Supporters of Donald Trump hit on a new chant at a campaign rally in North Carolina at the weekend.

In 2016, it was “Lock her up! Lock her up!”

In 2020, it’s “Fill that seat! Fill that seat!”

The “seat”, of course, refers to the supreme court vacancy created with the death on Friday of Ruth Bader Ginsburg, the liberal justice whose replacement with a conservative by Trump could remake American life under the law for generations.

For the aggressively informal air of a typical Trump event, a supreme court-themed chant might not seem like an obvious crowd-shaking rallying cry. But Trump’s success at appointing conservative judges is not only a political winner for Trump: it amounts to a true and towering legacy.

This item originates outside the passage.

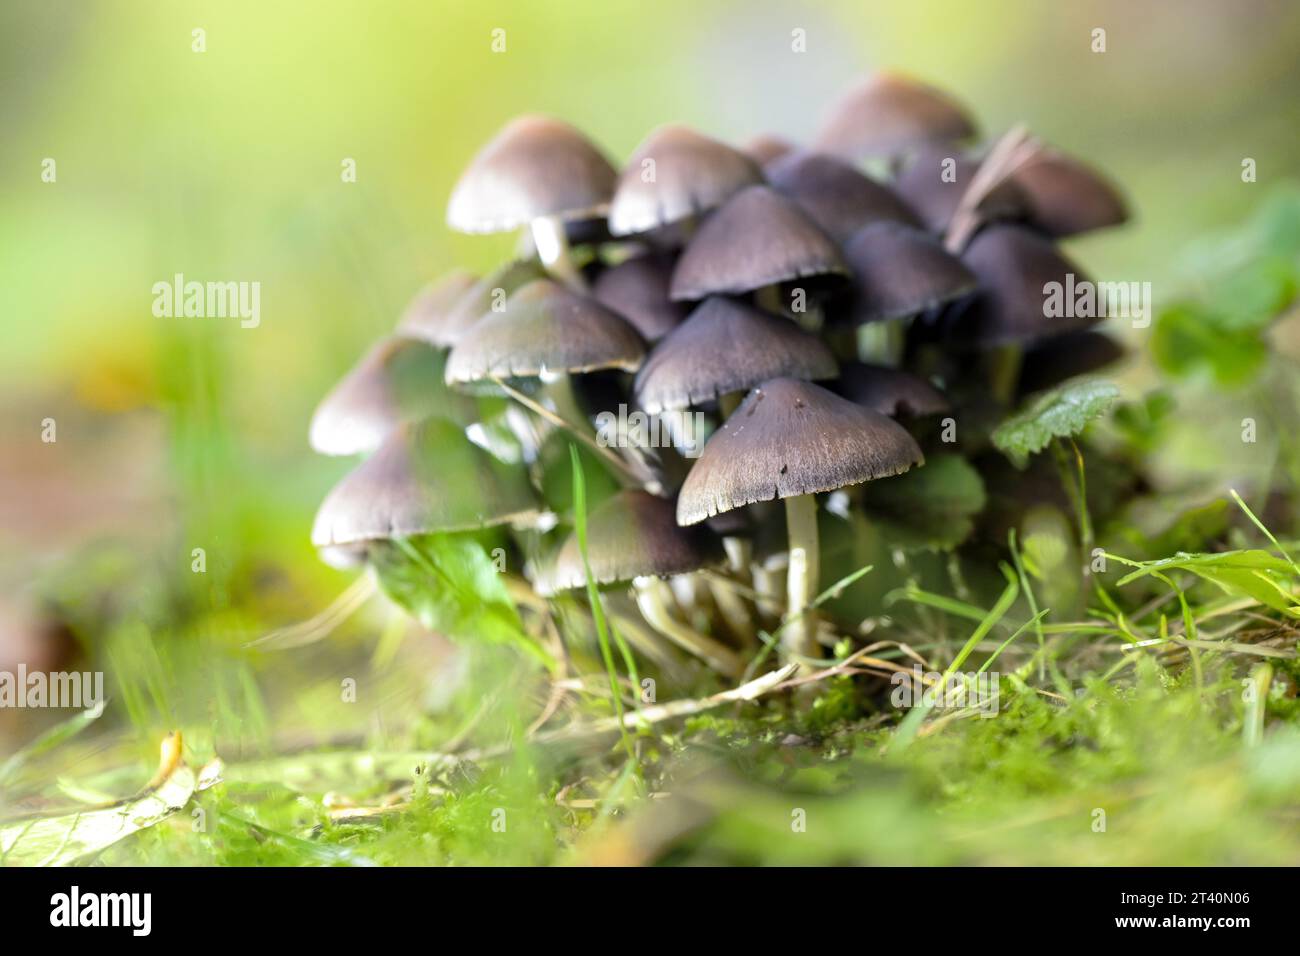 Pilzgruppe (wahrscheinlich Psathyrella pygmaea), Pilze mit braunen Kappen und dünnen weißen Hohlstämmen in grünem Moos in einem Laubwald, Kopierraum, Stockfoto

“I’m going to be up to 280 judges very soon,” Trump bragged to the journalist Bob Woodward in remarks that Woodward captured on tape and released Sunday. “Nobody’s ever had that. Two hundred and eighty. You know? Nobody’s ever had that.”

Trump’s number was characteristically inflated: the number of judges he has placed on district- and circuit-court benches and the supreme court totals 214 (out of 865 total); a Ginsburg replacement would make 215.

But Trump was exactly right that “nobody’s ever had that” many appointees to the bench so quickly – meaning that no president has done more to shape the future of American life under the law on issues from discrimination claims to marriage equality to gun control.

Trump is trying to boost Republican turnout in the election by communicating that the fate of the landmark Roe v Wade supreme court ruling protecting abortion rights is on the line, said Nan Aron, president of the progressive Alliance for Justice advocacy group.

“Republicans have long seized on the judiciary as a reliable tool to galvanize their base before an election,” Aron said. “It strikes me at this point it’s a desperate measure on the part of this administration, to appeal to their voters to actually go to the polls.”